The core innovation is not a better scaffold engine or a better RL recipe in isolation — it’s the integration of both into one feedback loop where a third model (the Feedback-Agent) decides which lever to pull based on the current reward signal.


How the Feedback-Agent Selects Its Training Algorithm

Question: Does SIA use the same RL algorithm for every task?

No. One of the more technically interesting aspects of SIA as a self-improving AI agent is that the Feedback-Agent selects its training algorithm dynamically, based on the shape of the reward signal it observes. This is not a fixed schedule.

Here is how algorithm selection played out across the three benchmark tasks:

  • LawBench — A clean outcome-based scalar reward (correct charge classification or not). The Feedback-Agent selected PPO with Generalized Advantage Estimation (GAE). Accuracy reached 70.1%.
  • TriMul — Most kernel compilations failed, producing sparse and noisy reward signals. The Feedback-Agent selected entropic advantage weighting, which up-weights rare high-reward rollouts rather than averaging across mostly-failed attempts. Final runtime hit 1,017 microseconds.
  • Denoising — A dense, continuous reward signal from the MSE metric. The Feedback-Agent selected GRPO (Group Relative Policy Optimization), which eliminates the value network entirely. Score rose to 0.289.

The full algorithm library available to the Feedback-Agent also includes REINFORCE with KL-to-base regularization, Direct Preference Optimization (DPO), and best-of-N behavioural cloning. Each maps to a different reward shape and failure profile.

This adaptive algorithm selection is itself a form of meta-level self-improvement — the self-improving AI agent is not just updating its task performance, it is also adapting how it updates itself.


Key Strengths and Honest Limitations

Strengths

  • First dual-lever loop: SIA is the first system in the public literature to edit both scaffold and weights inside a single autonomous self-improvement loop, with no human-initiated intervention required between iterations.
  • Consistent cross-domain gains: Weight updates added measurable performance above the scaffold-only ceiling on all three tested domains — law, systems programming, and bioinformatics — suggesting the approach generalises rather than overfitting to one task type.
  • Open source under MIT: The framework ships as sia-agent (installable via pip), with four bundled benchmark tasks: gpqa, lawbench, longcot-chess, and spaceship-titanic.
  • Adaptive algorithm selection: The Feedback-Agent conditions its training algorithm choice on the observed reward signal, rather than running a fixed RL recipe regardless of task structure.
  • Practical deployment stack: Built on openai/gpt-oss-120b with LoRA rank 32, training on H100 GPUs via Modal. The Meta-Agent and Feedback-Agent both run on Claude Sonnet, keeping orchestration costs decoupled from the heavy training runs.

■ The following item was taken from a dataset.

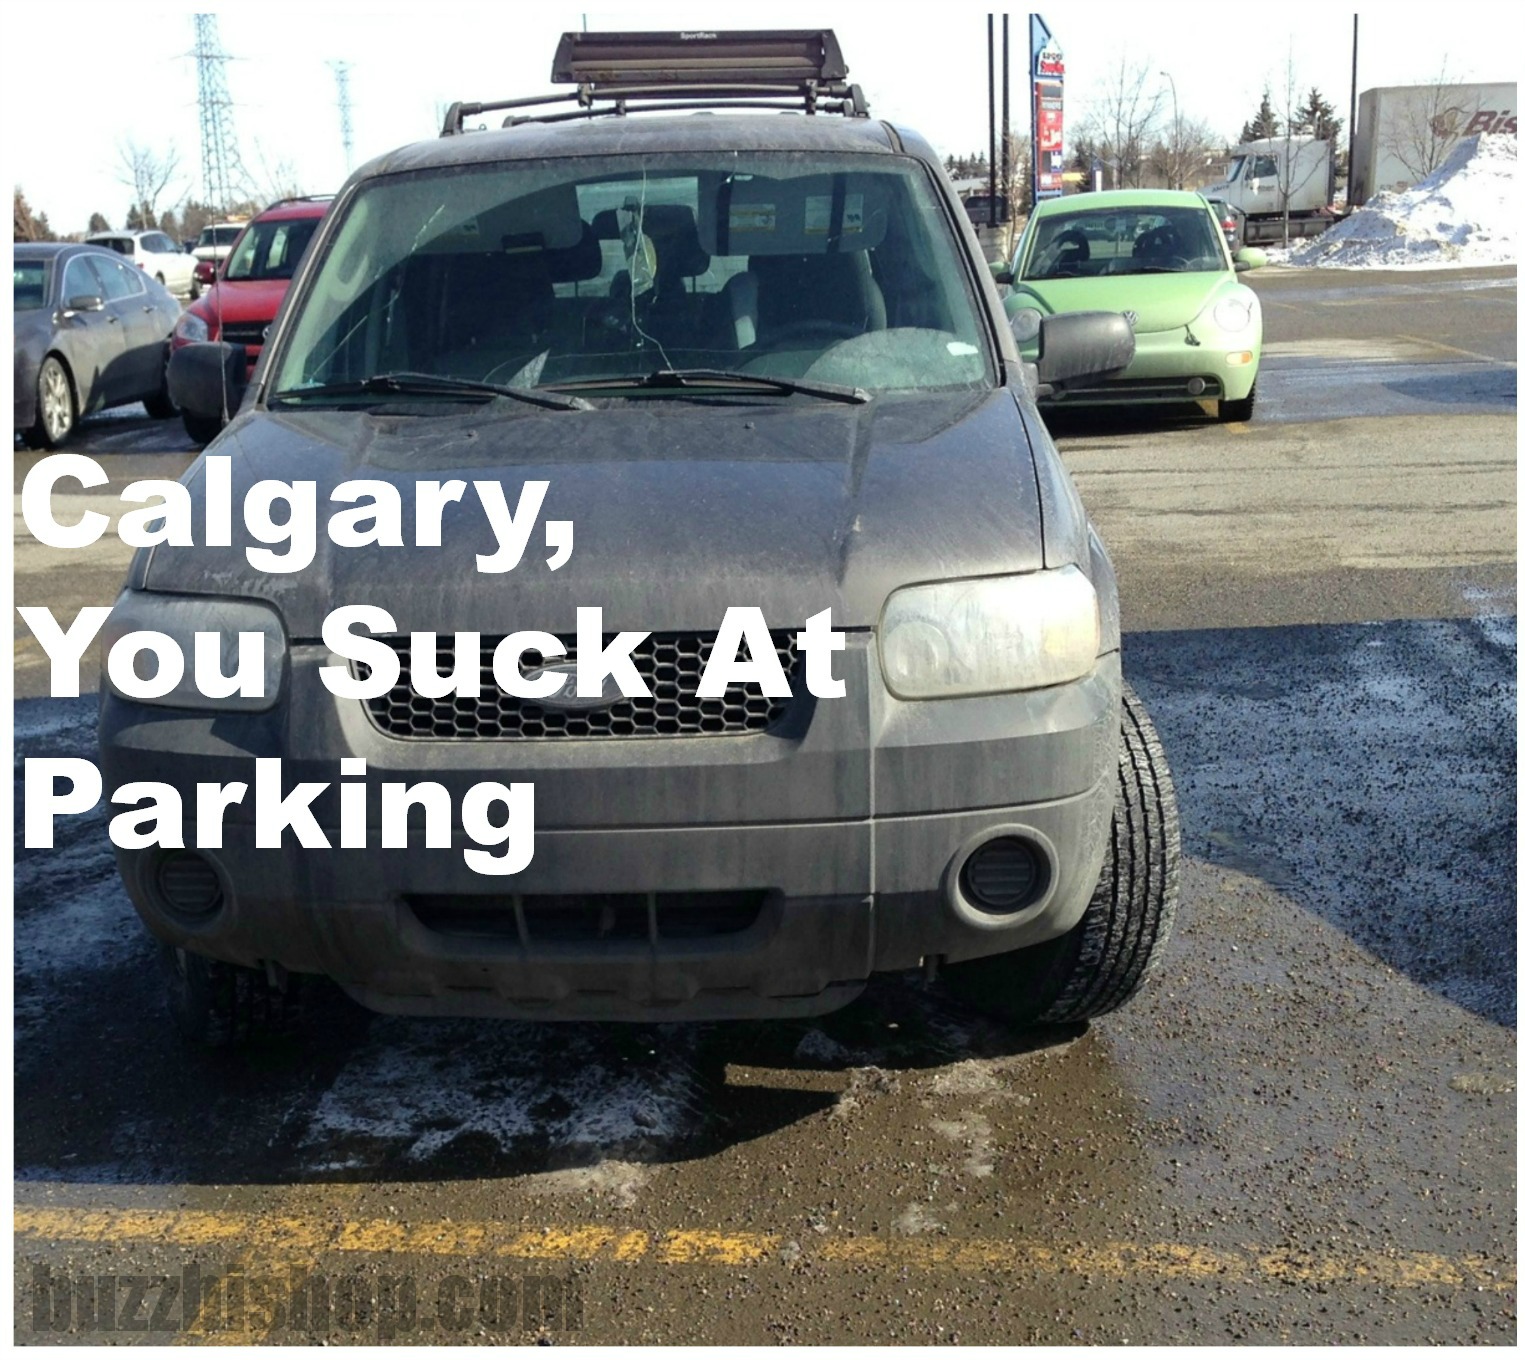 calgary you suck at parking
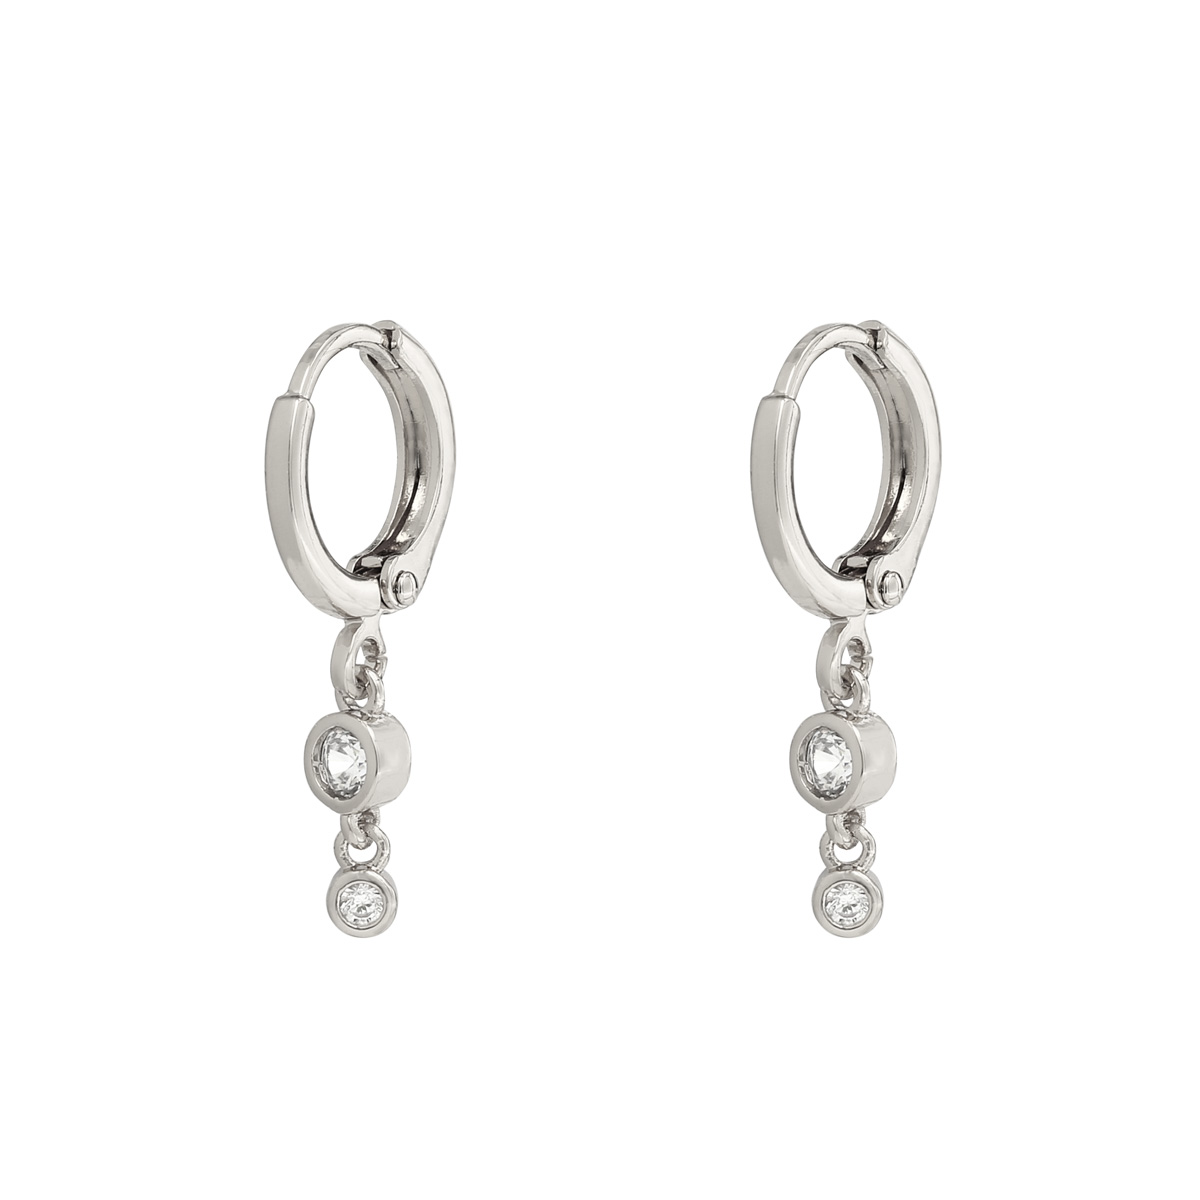 Earrings two Zirconia stones

Limitations to Keep in View

  • Three tasks is a small evaluation set. Broader algorithm-selection results across diverse domains are deferred in the paper. The generalisability of the approach beyond these three domains is an open empirical question.
  • Both levers optimise the same fixed verifier. When the harness and the weights are both optimised against an identical reward signal, there is a risk of coupled co-evolutionary Goodhart effects — where the joint system gets very good at satisfying the verifier without improving on the underlying task.
  • Fixed-point fragility. The authors themselves warn that a joint fixed point reached through this loop may appear strong on the benchmark verifier but remain fragile under perturbation or distribution shift.
  • A separate “350x superintelligence” claim that appeared in some launch coverage does not appear anywhere in the paper itself. Treat it as marketing language, not a technical claim.

How to Run SIA Yourself

SIA is open source under an MIT license at github.com/hexo-ai/sia. Getting started requires an Anthropic API key (for the Meta-Agent and Feedback-Agent) and access to an H100 GPU environment through Modal for weight update runs.

bash

# Install the Claude backend
pip install 'sia-agent[claude]'
export ANTHROPIC_API_KEY="your-key-here"

# Run 5 self-improvement generations on the LawBench task
sia --task lawbench --max_gen 5 --run_id 1

The four bundled tasks — gpqa, lawbench, longcot-chess, and spaceship-titanic — cover a deliberate variety of domains and reward structures, which makes them useful for understanding how the self-improving AI agent behaves under different feedback conditions before you adapt it to your own task.

For teams that want to add a custom task, the framework exposes a task specification interface where you provide a description, reference code if available, and a verifier function that returns a scalar reward.


Why This Matters for the Future of Agentic AI

The field of agentic AI has been moving along two parallel tracks that have rarely intersected. On one track, researchers and engineers iterate on scaffolds: better prompts, better tool use, better orchestration. On the other, ML researchers iterate on weights: better RL recipes, better fine-tuning pipelines, better reward shaping.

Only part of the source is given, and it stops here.